-------- DATASET ENTRIES --------

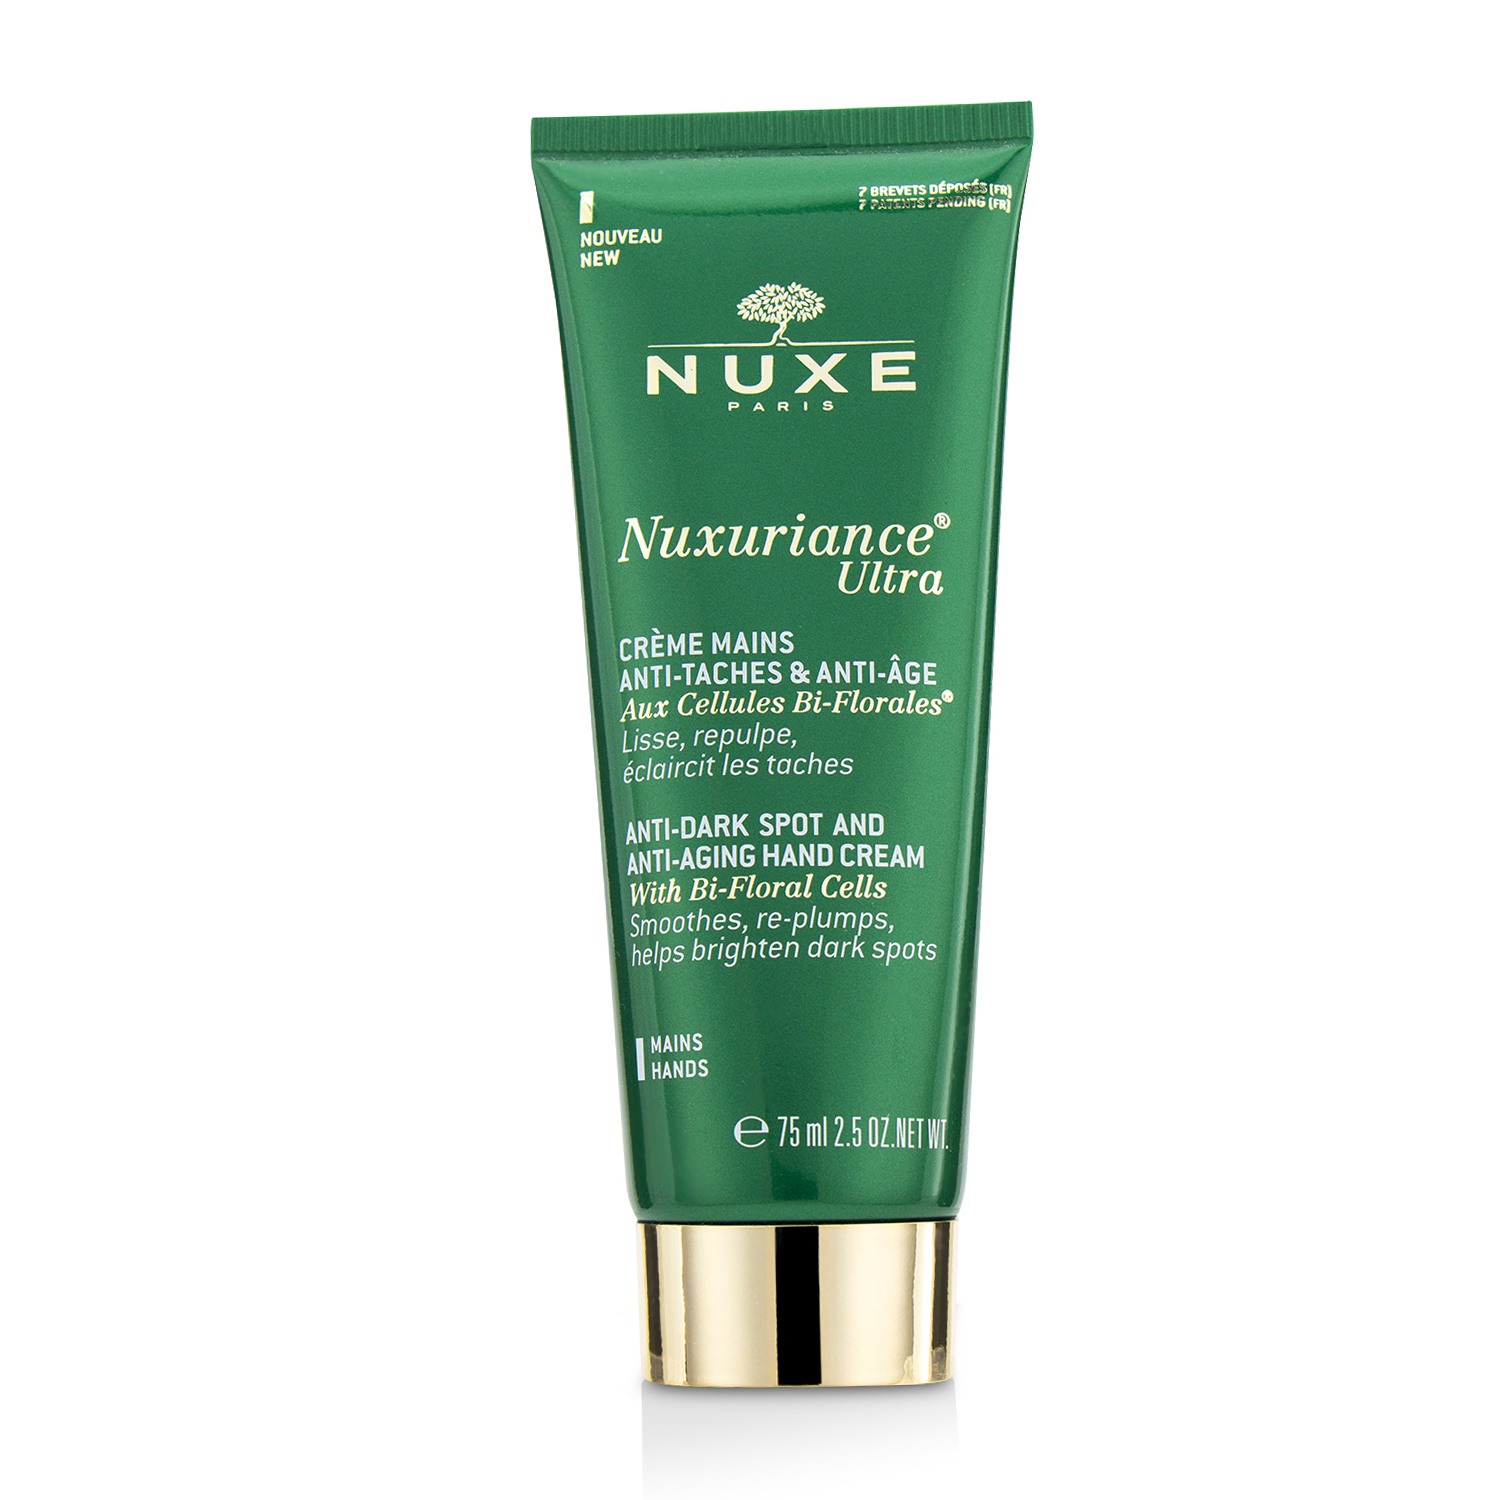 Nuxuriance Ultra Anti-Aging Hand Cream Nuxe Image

--------
-------- DATASET ENTRIES --------

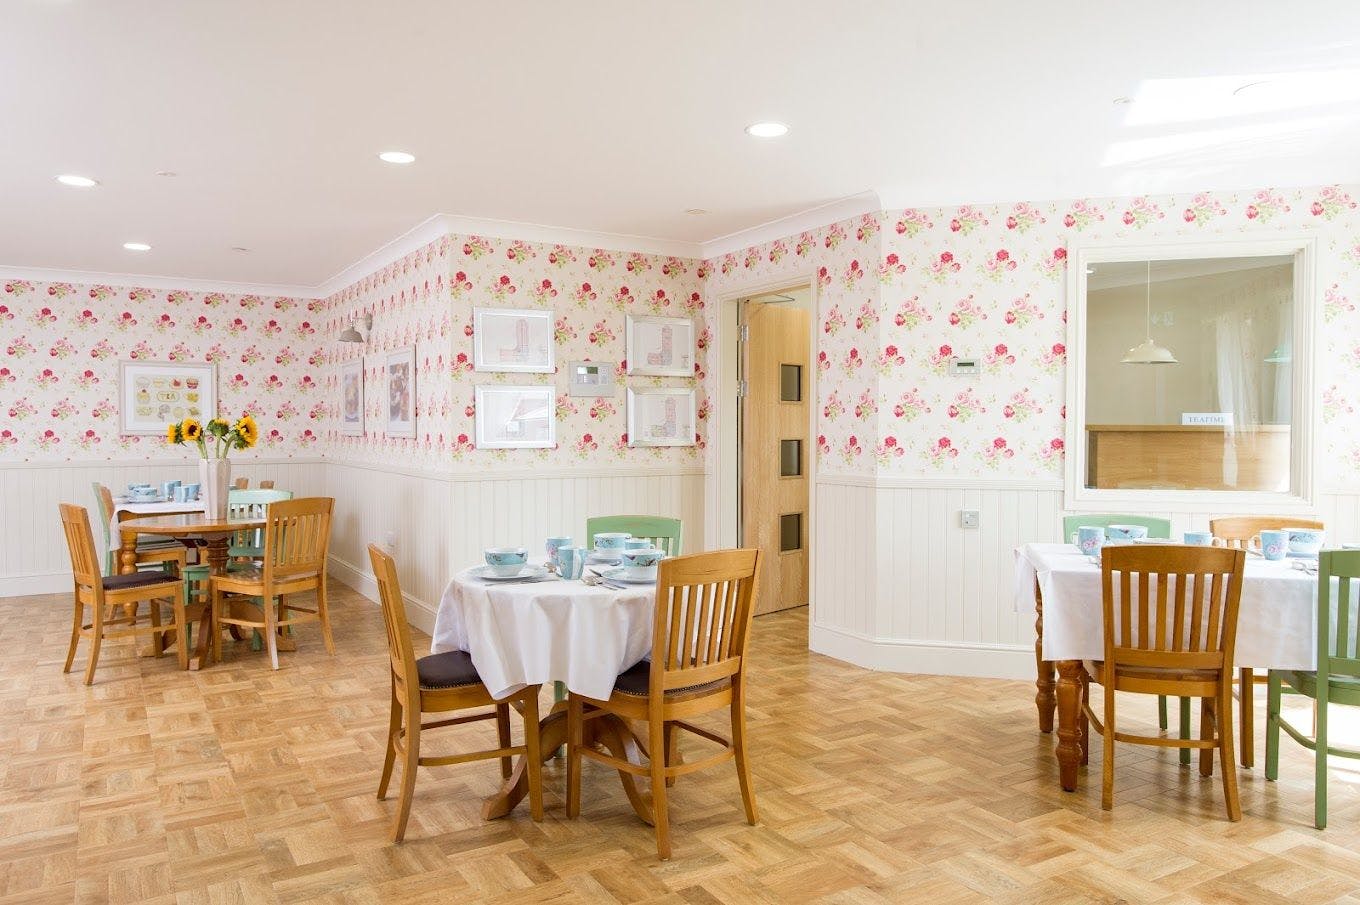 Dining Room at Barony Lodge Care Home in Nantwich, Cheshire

--------
-------- DATASET ENTRIES --------

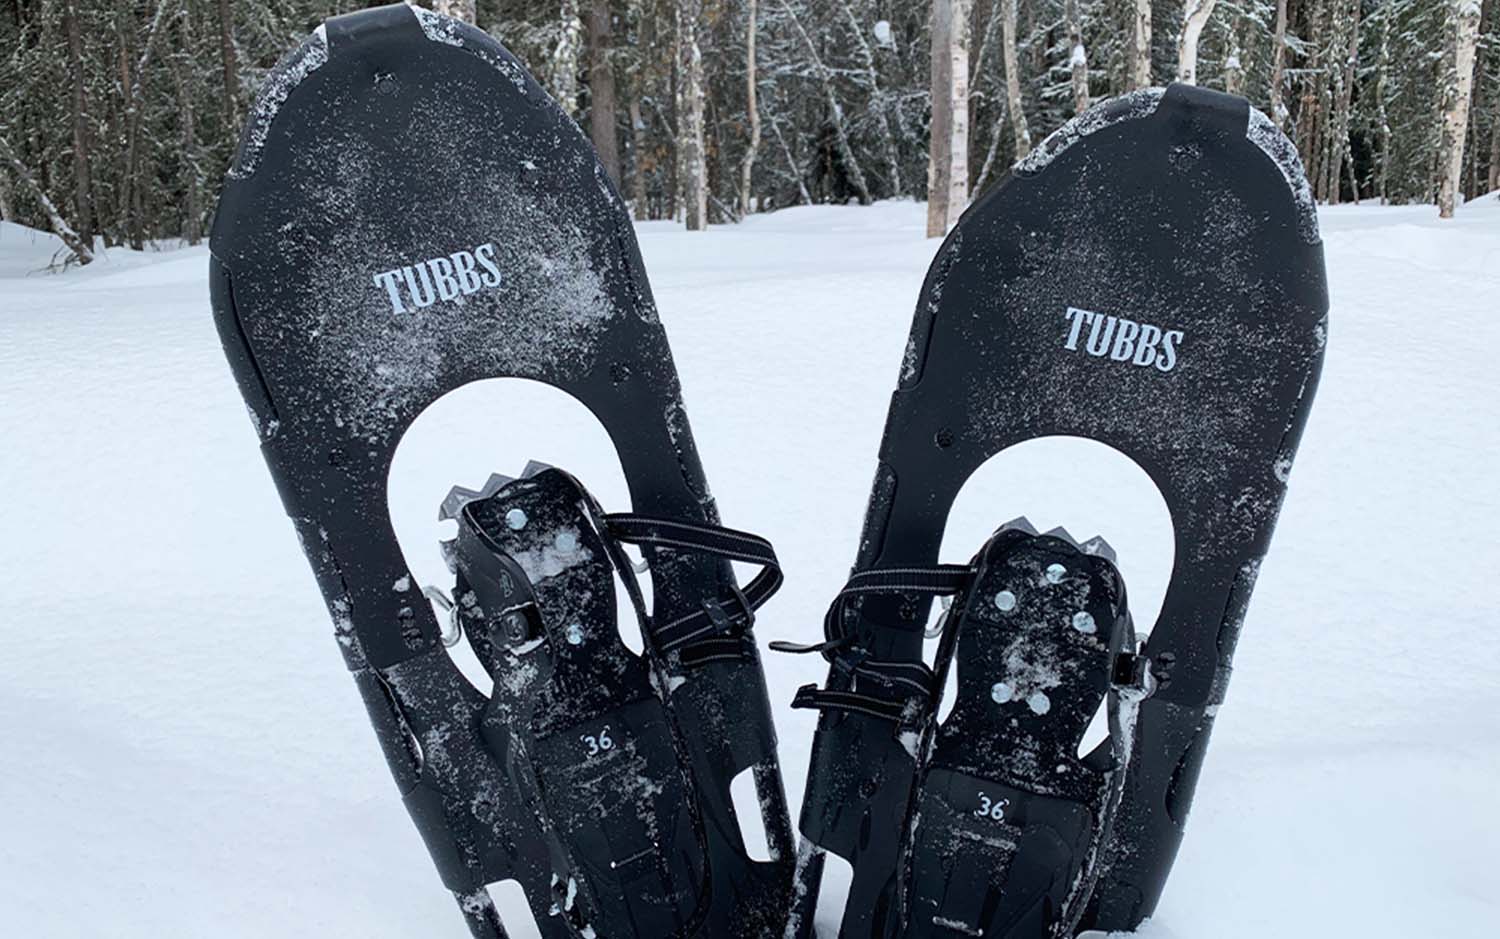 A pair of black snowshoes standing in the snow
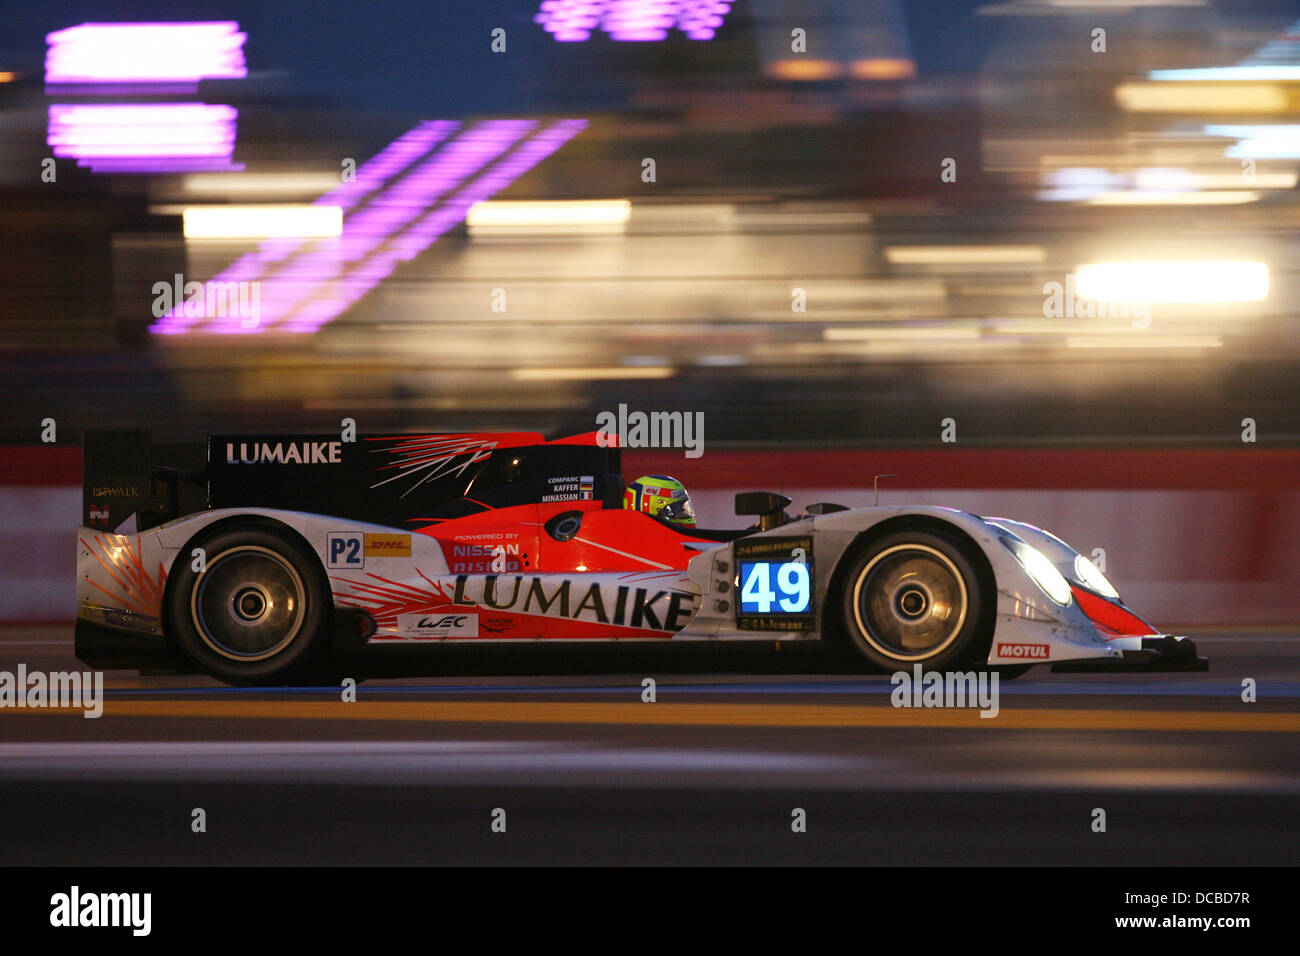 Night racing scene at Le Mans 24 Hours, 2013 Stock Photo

--------

* **WHAT YOU SHOULD DO**:
Only one part of the listing is wanted: the lines from the one containing "A pair of black" through the one containing "Night racing scene", both included. Please transcribe it exactly, leaving out the pictures.

* **SOLUTION TO THIS PROBLEM**:
 A pair of black snowshoes standing in the snow
 Night racing scene at Le Mans 24 Hours, 2013 Stock Photo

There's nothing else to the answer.